Hey folks, thanks for your beautiful comments on my Balikbayan dress. I'm still waiting for the weather to warm up so I can wear it! Things have been harried here in the best possible way; things are just falling into place in every aspect of my life. However, it also means I haven't been getting a lot of sewing done and I'm still trying to keep up with my blog-reading after the Me-Made-March frenzy.
But I've had two things on my mind lately. The first is the irony of wanting to have a sustainable, quality wardrobe (promoted by things like Me-Made-March and my personal Fashion on the Ration challenge) and being an avid sewist who loves to create new things. They sometimes seem like the antithesis of the other. While one focuses on having less, the other is about creating more. Where do you stand on this?

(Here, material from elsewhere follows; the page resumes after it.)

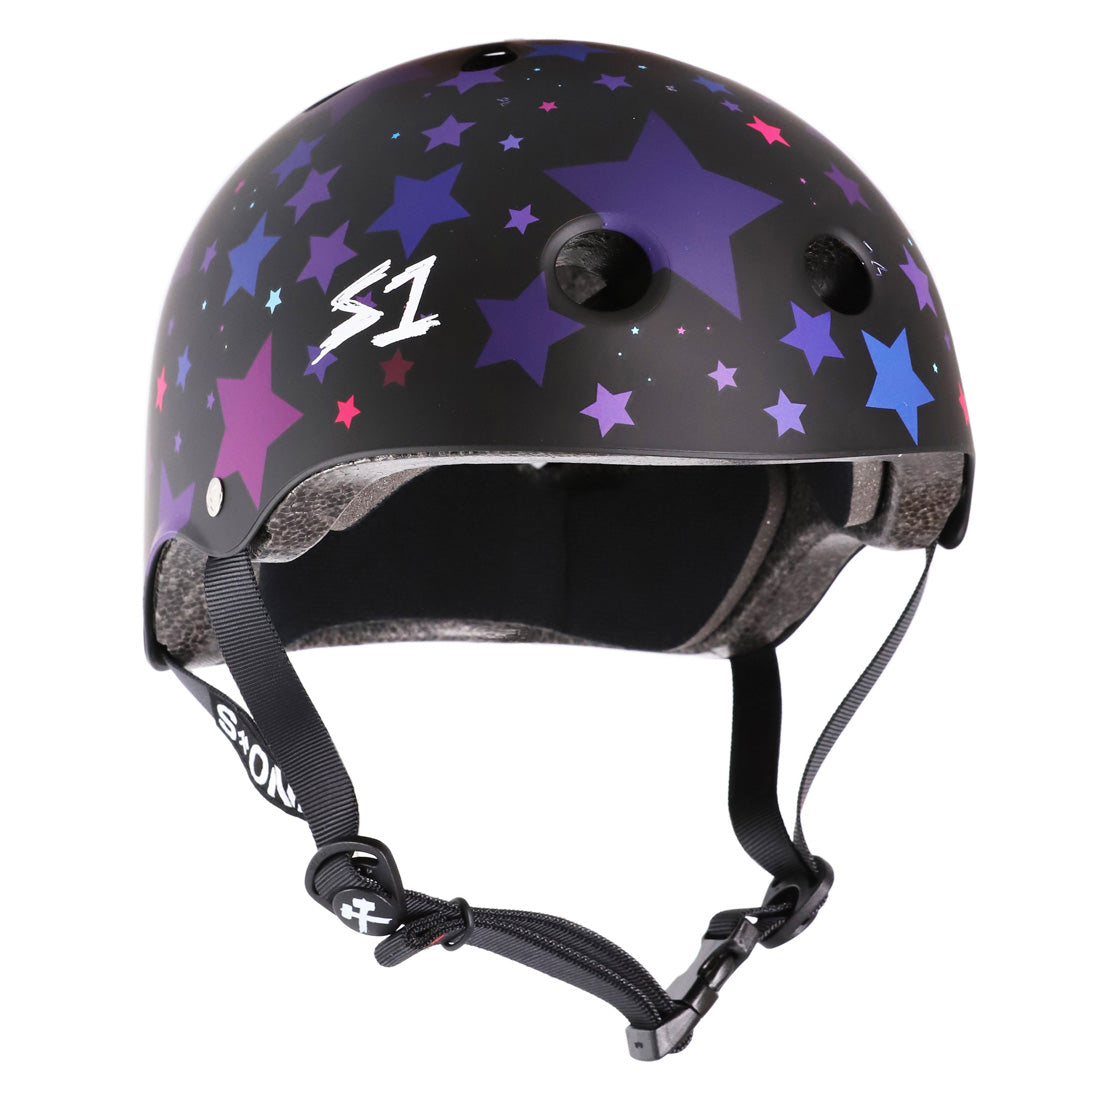 S-One Lifer Helmet - Black Matte/Stars Helmets
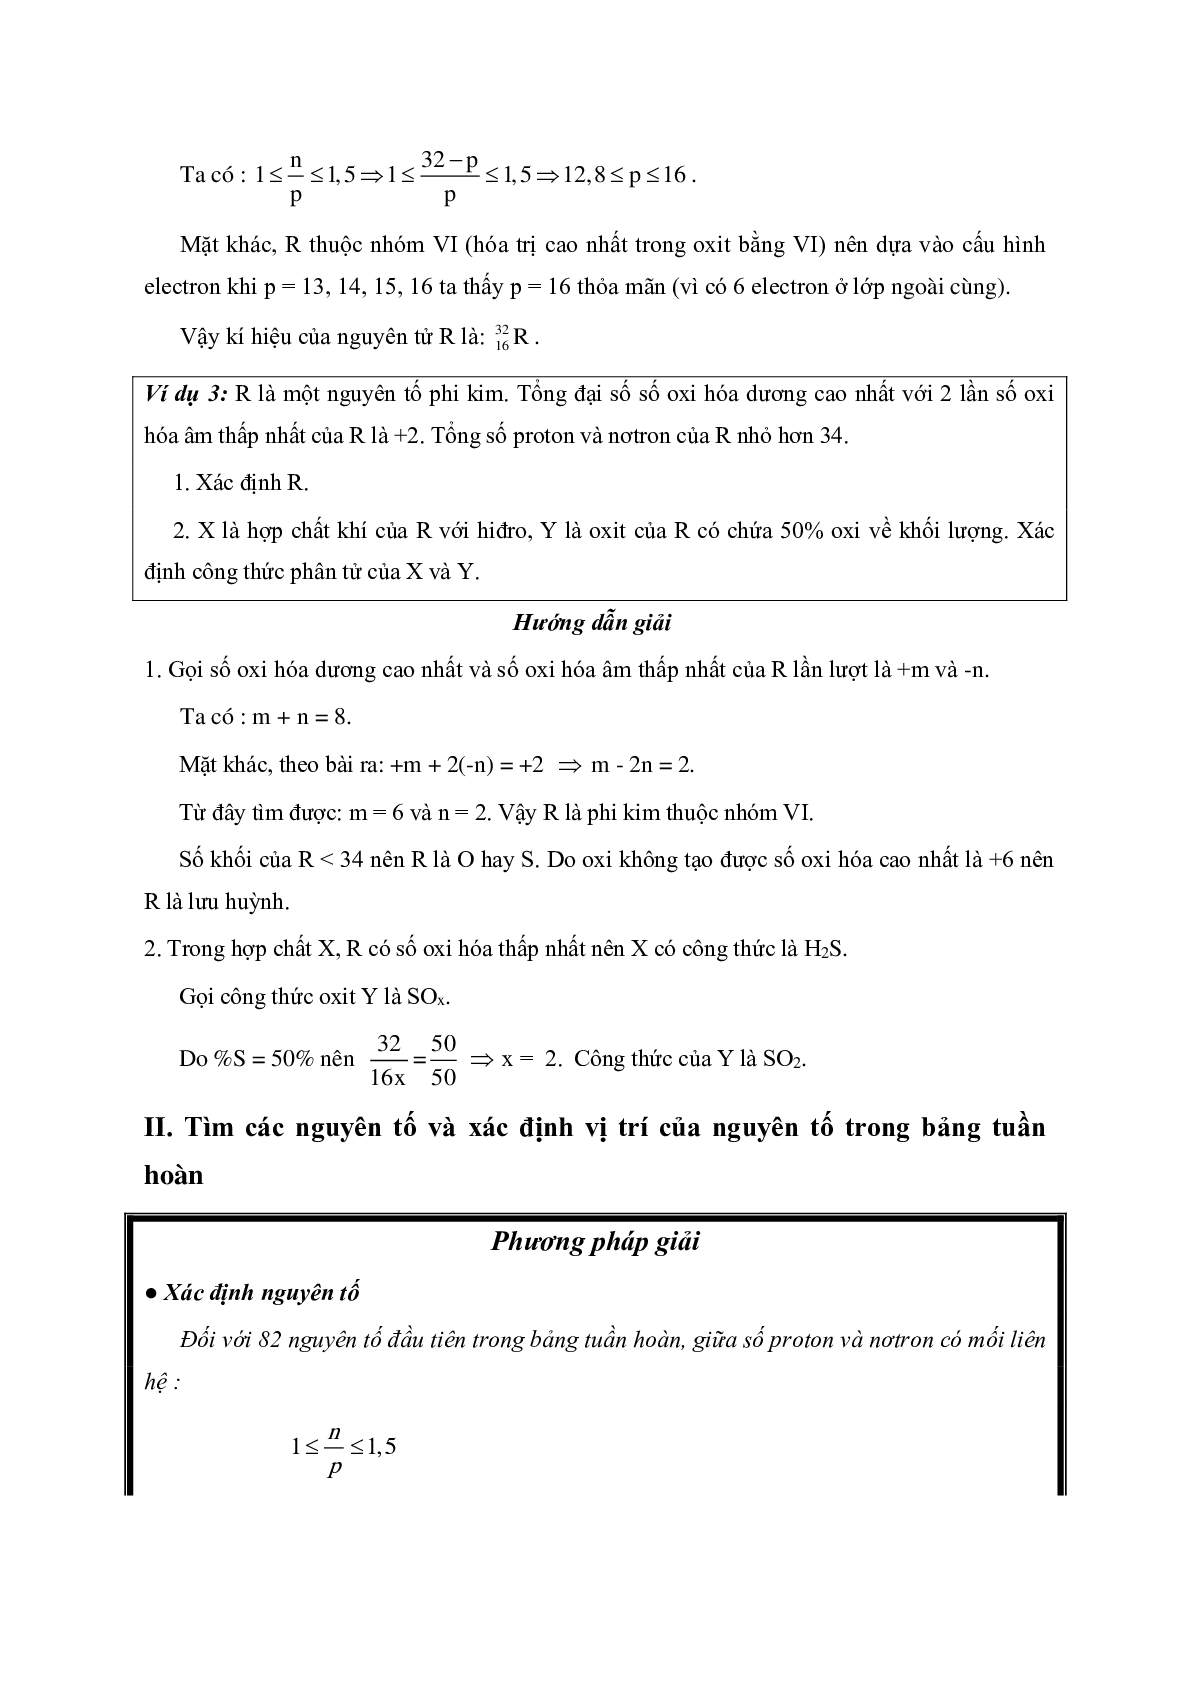 Lý thuyết và bài tập trắc nghiệm Chương Bảng tuần hoàn môn Hóa lớp 10 có đáp án (trang 7)

Some like to think they're updating their wardrobe, piece by piece. A new beautiful piece displaces an old not-so-fabulous one, or perhaps new pieces are created to fill in the gaps of a current wardrobe. Others simply feel that there is always room in their closets for me-mades and still others that derive the most pleasure in the process of sewing (rather than the wearing of the garment) and that the accruing wardrobe is a manifestation of a crafty life.
I'm not sure where I stand on this, and perhaps it will shift with the season. But I began sewing seriously a year ago, when my life was very different, and I've now arrived at a place where I feel my wardrobe is more than sufficient. It could be more beautiful, but it does adequately equip me for my everyday life. Though I'll always fantasize about new things, I find myself now wondering how I can improve the things I already have.
Put another way: Perhaps the biggest benefit sewing has given me is not new items in my closet but a better sense of my own body and the skills and confidence to adapt existing items (garments and patterns). So I've become better at making choices about what cuts and colors flatter me and I've pared my closet accordingly. Rarely do I wear something anymore that I just hate and makes me feel self-conscious.
Another life change is that I've just bought my first bike in about a decade. When I lived in the capital, I bought a cheap roadbike with drop handlebars and zipped 1.5 miles to work through bumper-to-bumper traffic. But I'm so easily dissuaded. Mid-Atlantic humidity, the weight of my pack, the clumsiness of carrying the bike up and down stairs and locking it up. By the end, I left it on a pole to be picked for parts.
I'd sort of sworn off bike commuting after that. But this whole sewing-thing has delved me into a more Yes-I-Can mentality. Case in point, I've also discovered some staying power with the things I've always recognized as worthwhile pursuits but never had the tenacity for: Supporting local businesses, eating seasonally and locally, and composting. So why not bike commuting? I live in an awfully bike-friendly community and the commute to work is all flat with nearly no cars for 3 miles each way.
I'm posting this here partly because I believe in the power of public intention (and accountability). A year ago I wanted to be the kind of girl who could take ownership of her style through sewing. Today I want to take ownership of my body and my days this way.
And also true to my sewing tendencies, I thought about what is really going to make me comfortable? And is it quality and stylish to boot? So I bought a Public Bike J7, a locally designed, lightweight steel bike with European flair. And of course I needed a basket like I need pockets on everything.
But if I can stay on the road, this marks a life change and every change seems to find its way to my wardrobe, too. When I returned to working in an office, my wardrobe became much more formal. In fact, it was liberating: I could sew pretty things and actually wear them. And though I bought a bike that's meant to be ridden in skirts and dresses and heels, I'm guessing pencil skirts are off the table. Perhaps it's time to revisit my knit stash: clothes that are meant for movement.
What about you? Does your transportation method and/0r daily environment affect your wardrobe?